Your assignment:
Among the entries below, only the lines from the one with "Kravet Contract fabric" through the one with "Don't make me" are to be retyped, exactly and without pictures.

[Collection entries]

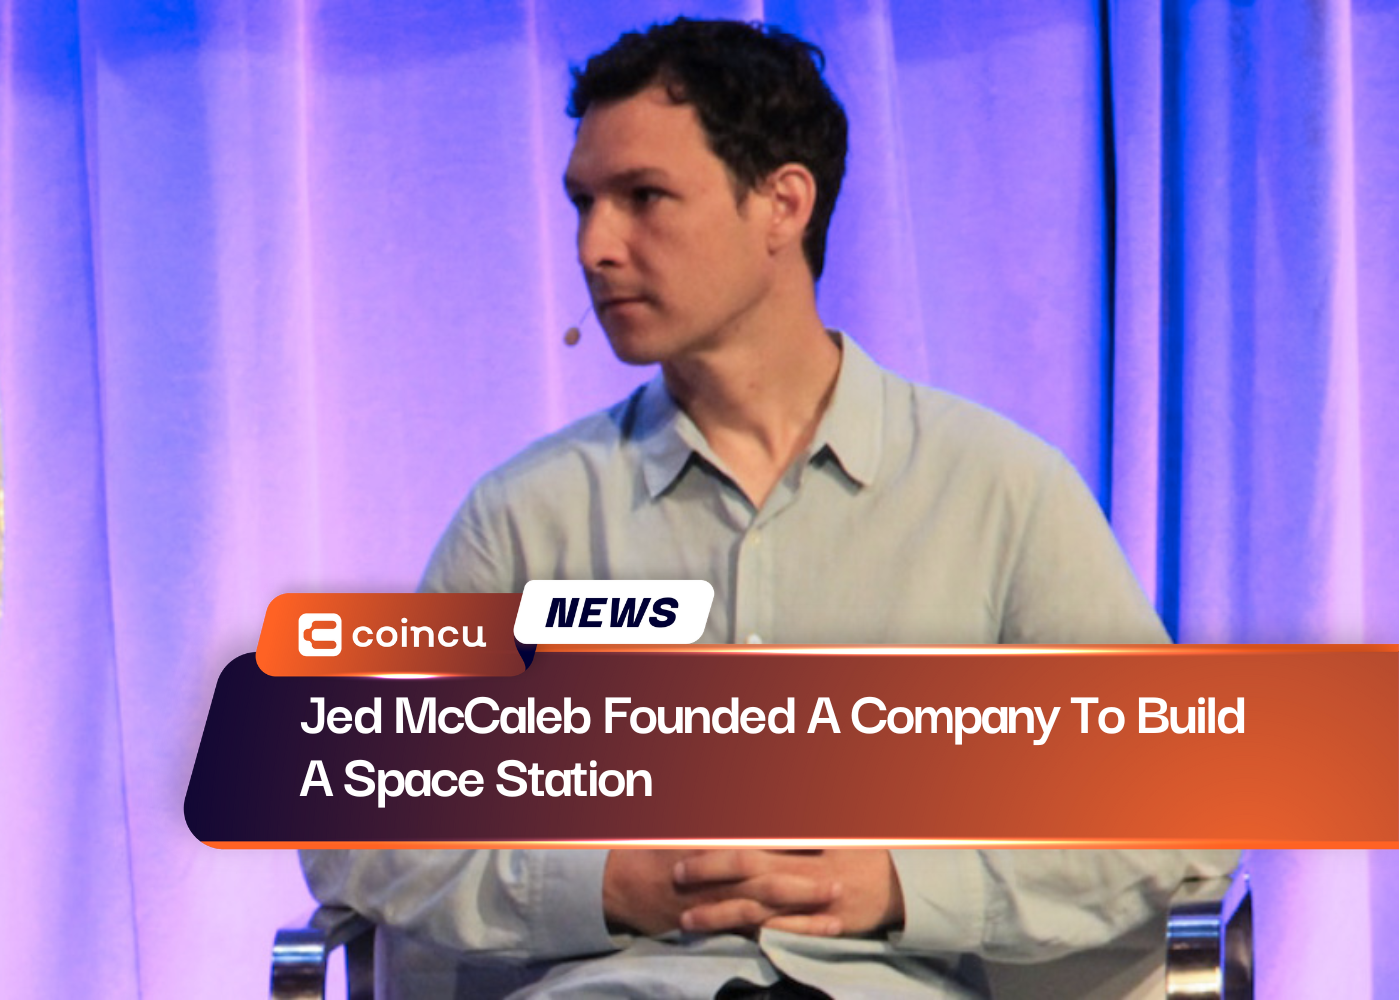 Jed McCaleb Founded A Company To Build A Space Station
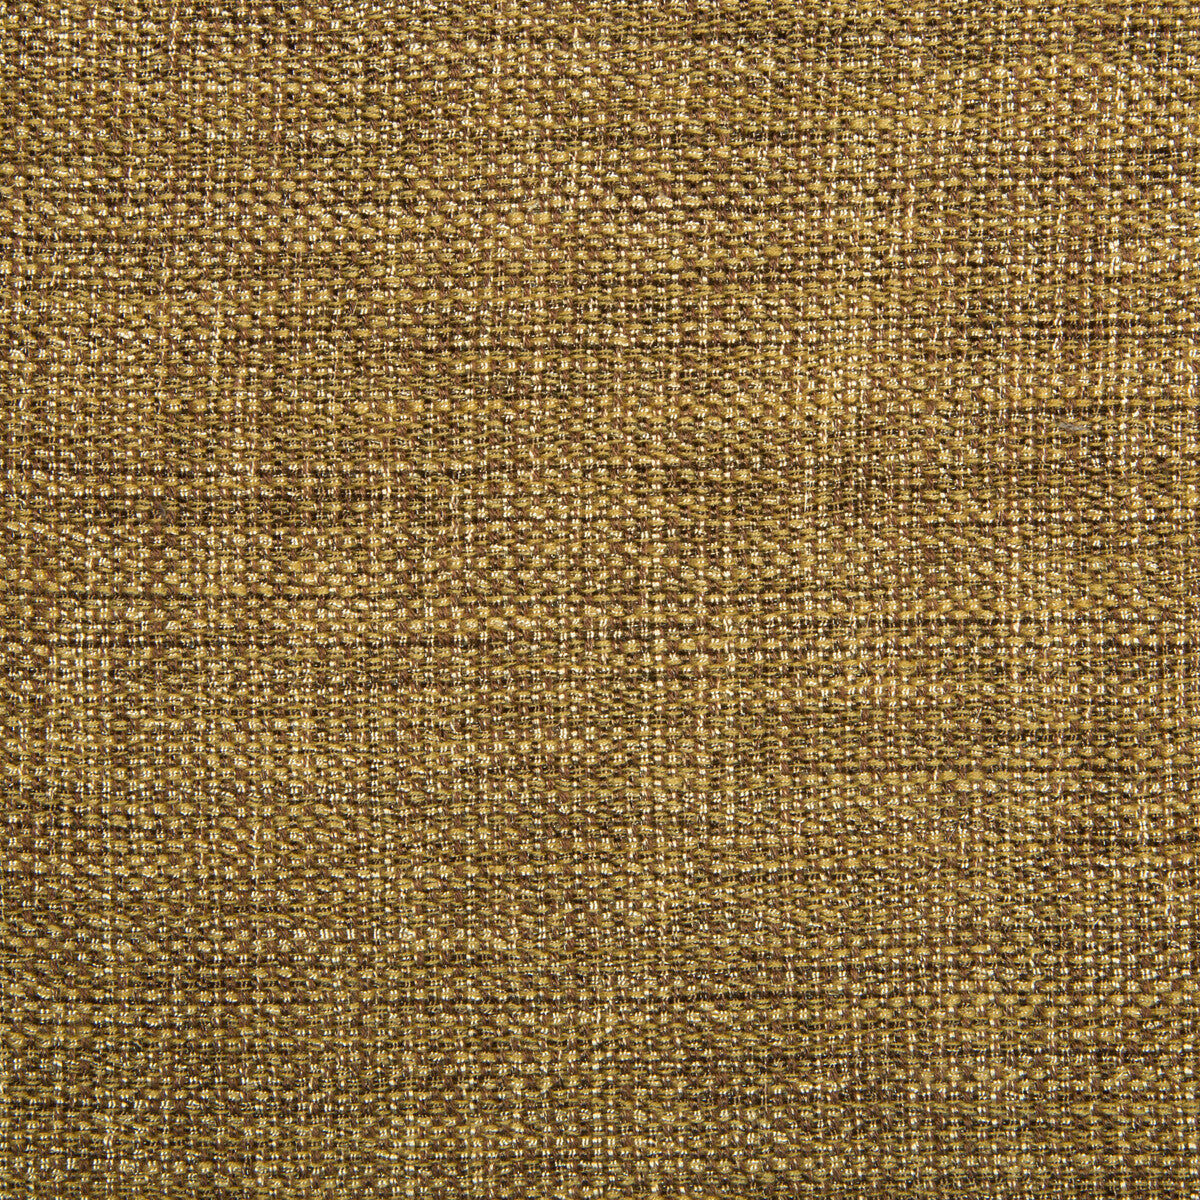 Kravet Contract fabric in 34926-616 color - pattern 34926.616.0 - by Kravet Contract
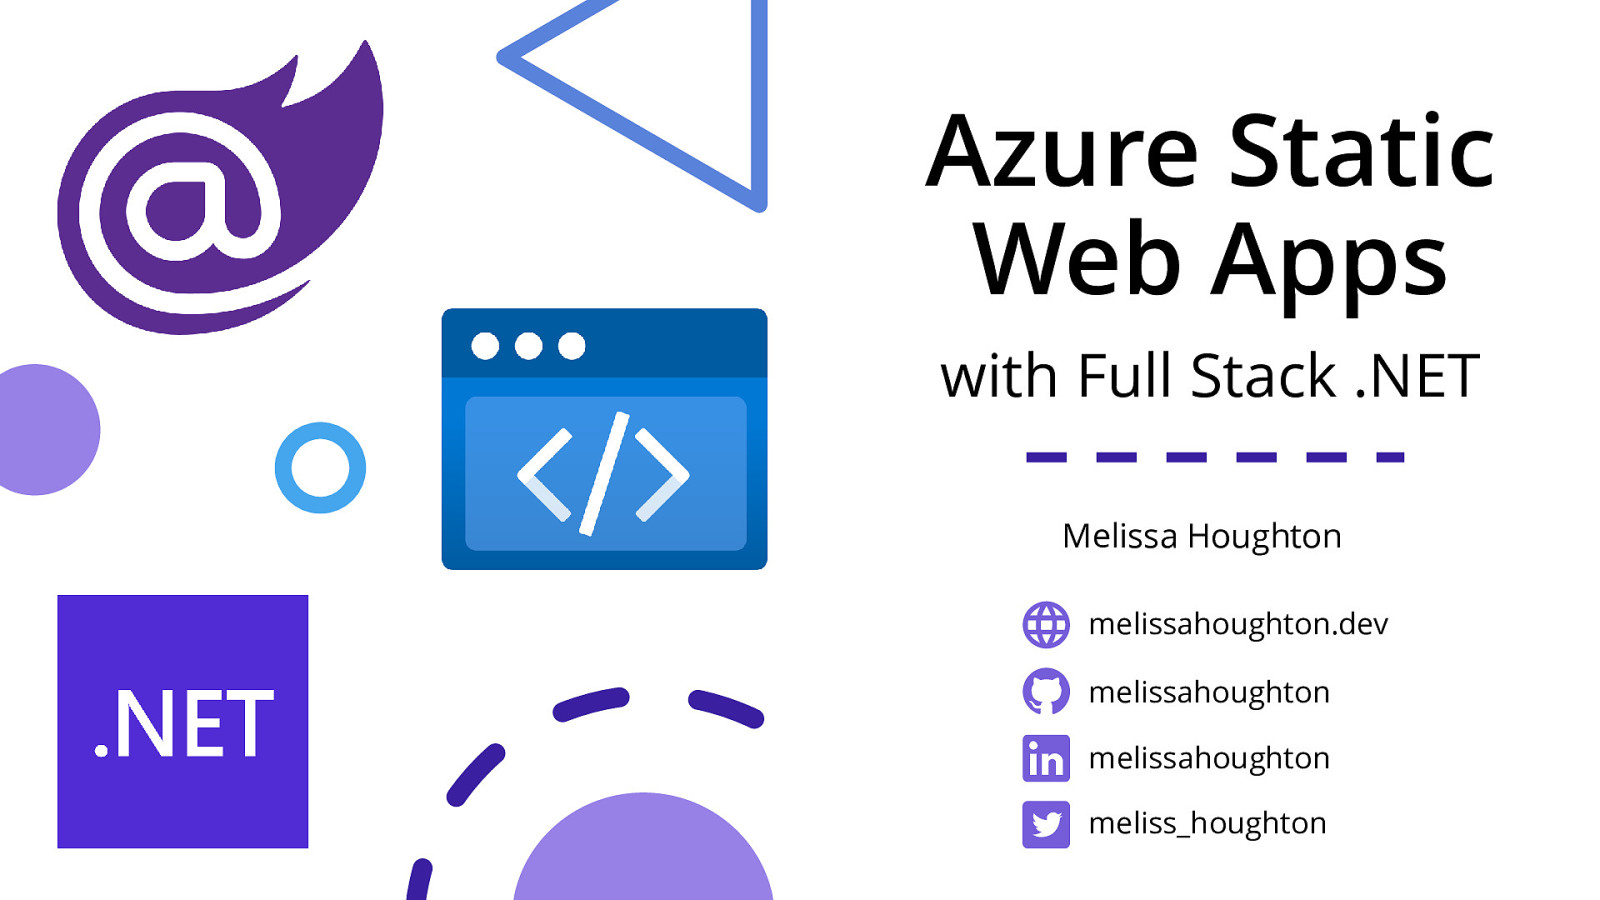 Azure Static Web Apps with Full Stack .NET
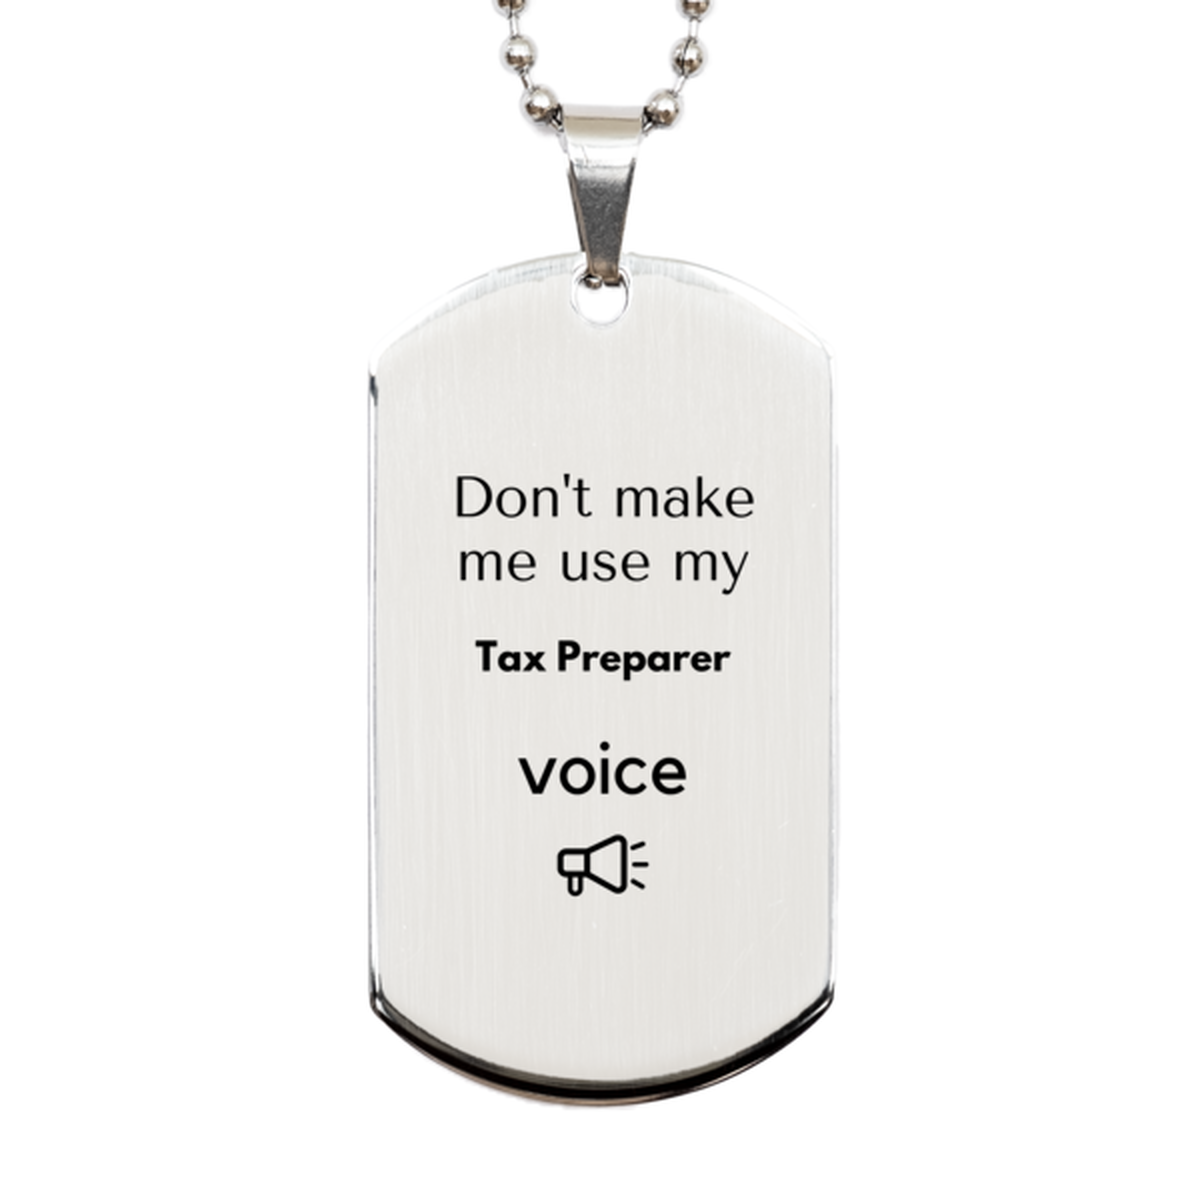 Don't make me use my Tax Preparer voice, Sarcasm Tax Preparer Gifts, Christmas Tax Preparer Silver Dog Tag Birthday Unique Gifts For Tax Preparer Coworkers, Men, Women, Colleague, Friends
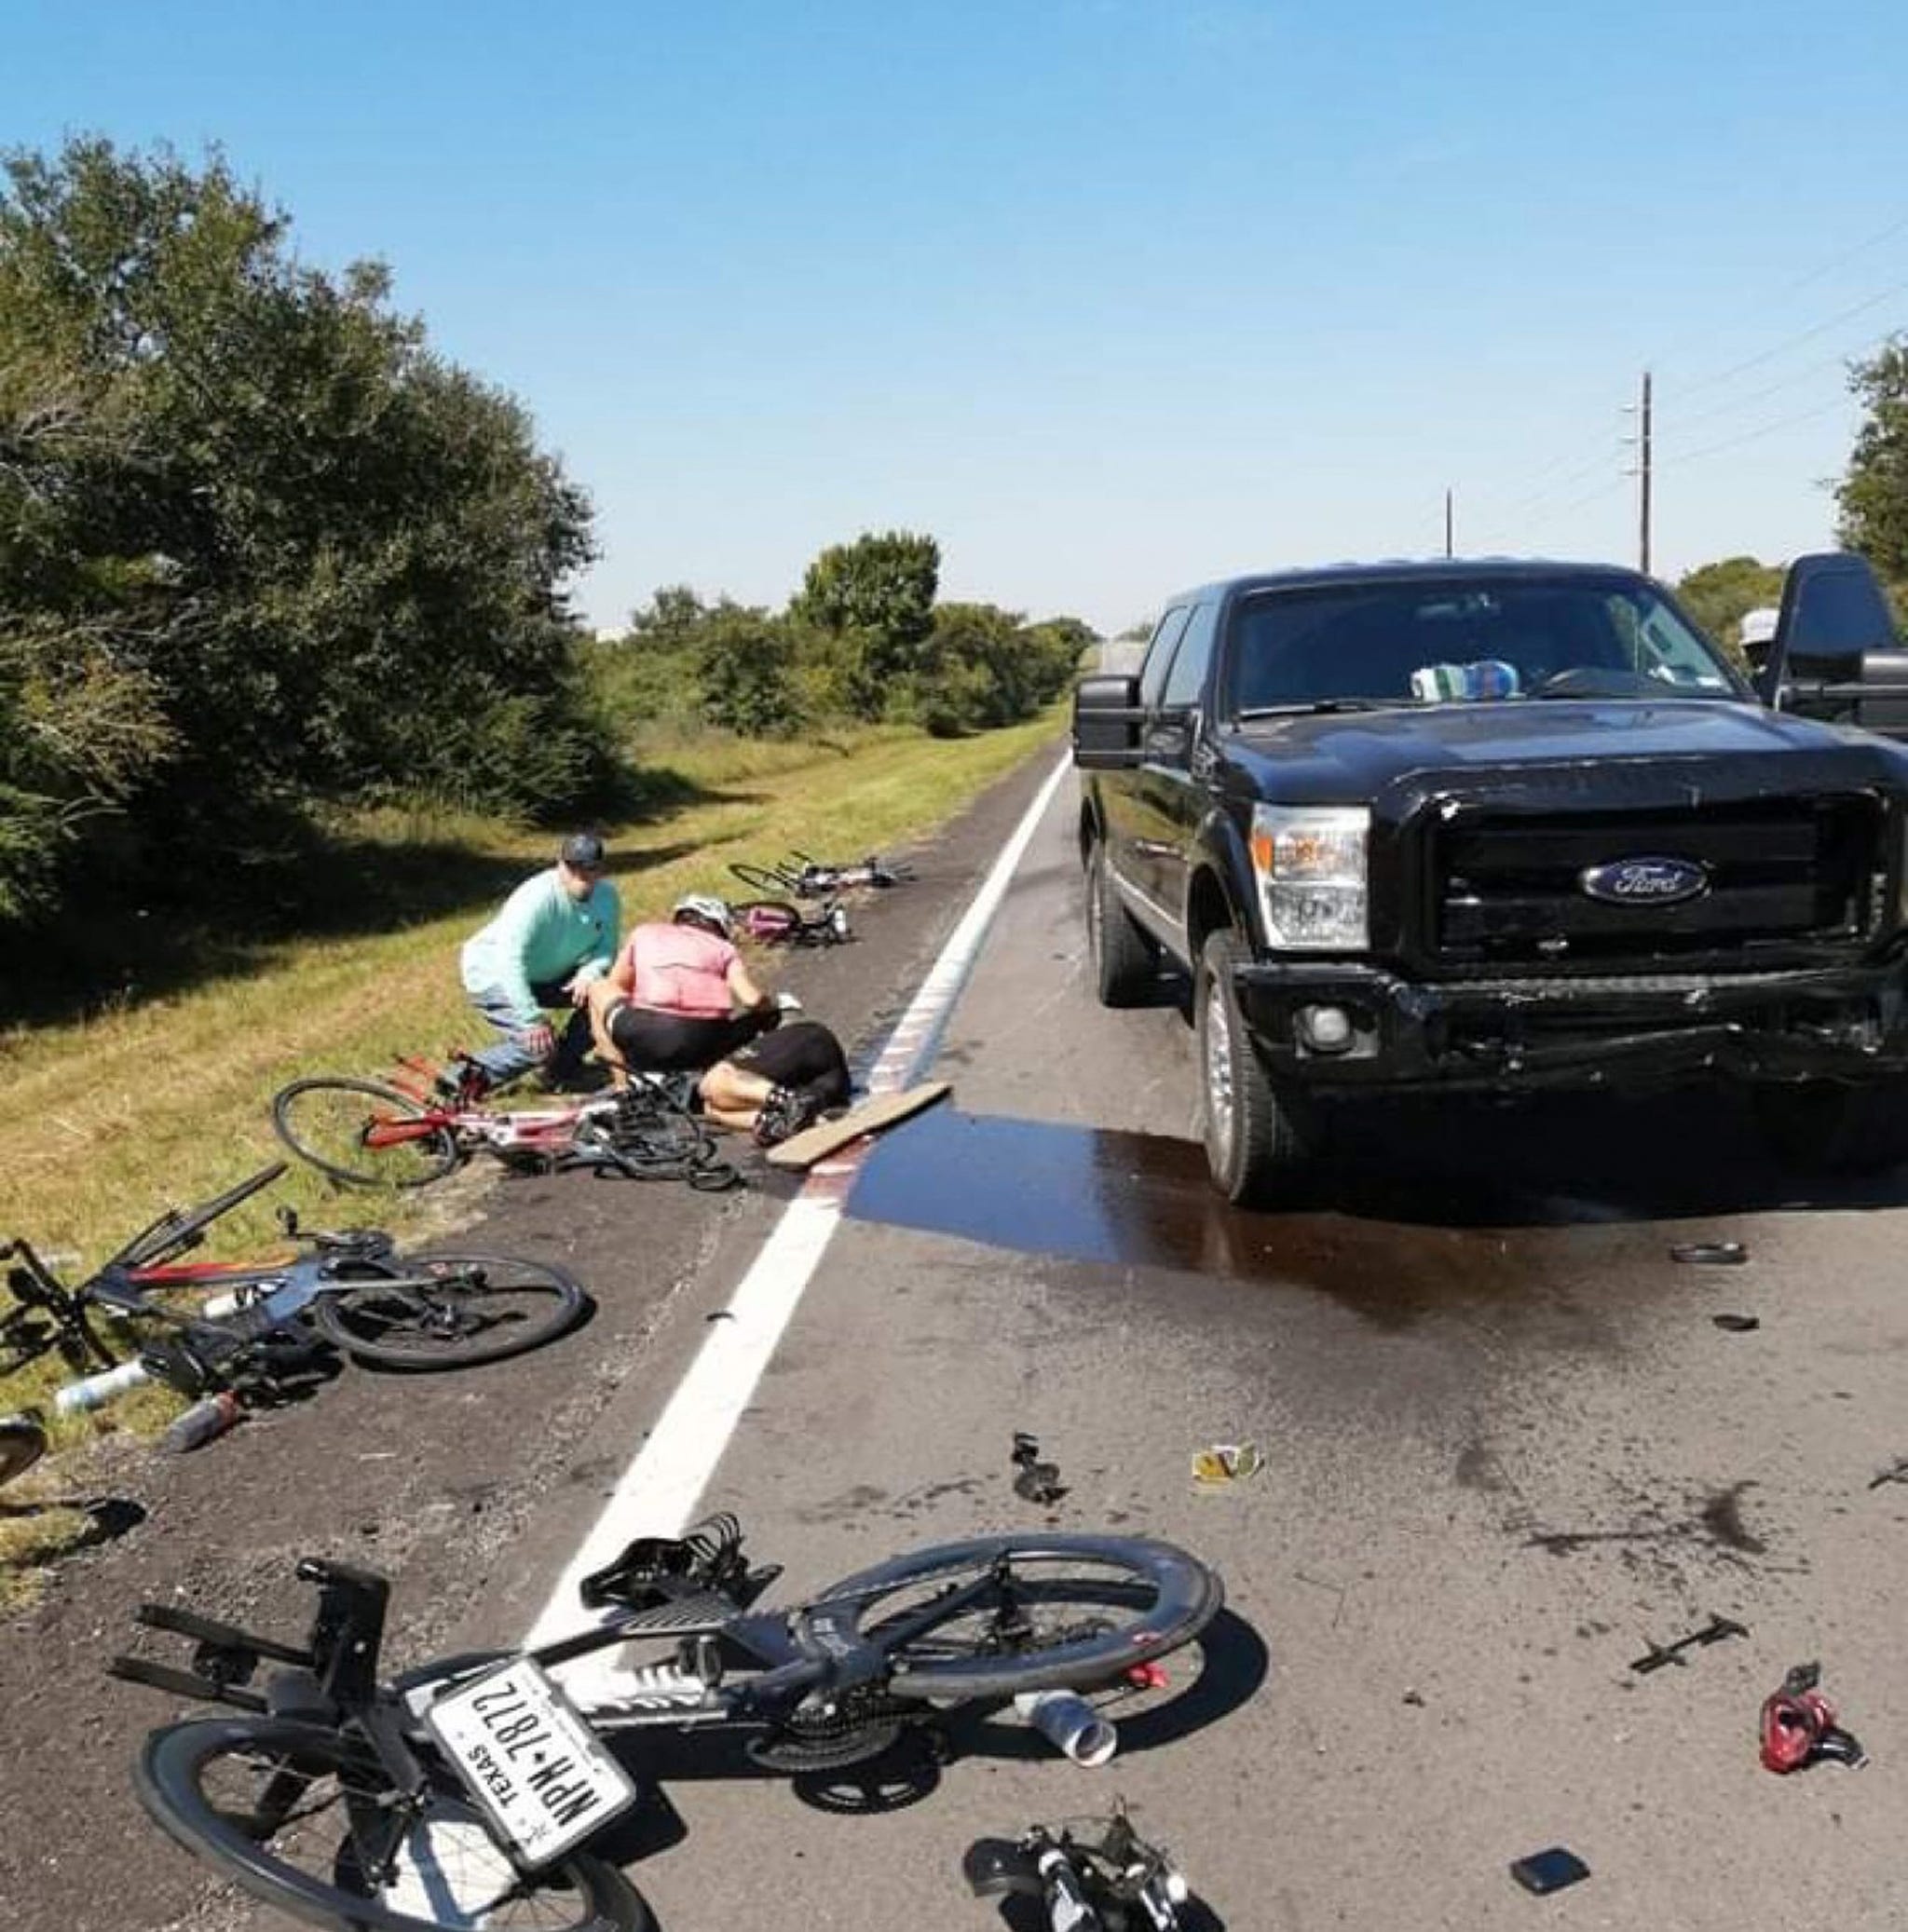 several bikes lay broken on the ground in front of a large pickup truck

Solution for this exercise:
 Kravet Contract fabric in 34926-616 color - pattern 34926.616.0 - by Kravet Contract
 Azure Static Web Apps with Full Stack .NET
 Don't make me use my Tax Preparer voice, Sarcasm Tax Preparer Gifts, Christmas Tax Preparer Silver Dog Tag Birthday Unique Gifts For Tax Preparer Coworkers, Men, Women, Colleague, Friends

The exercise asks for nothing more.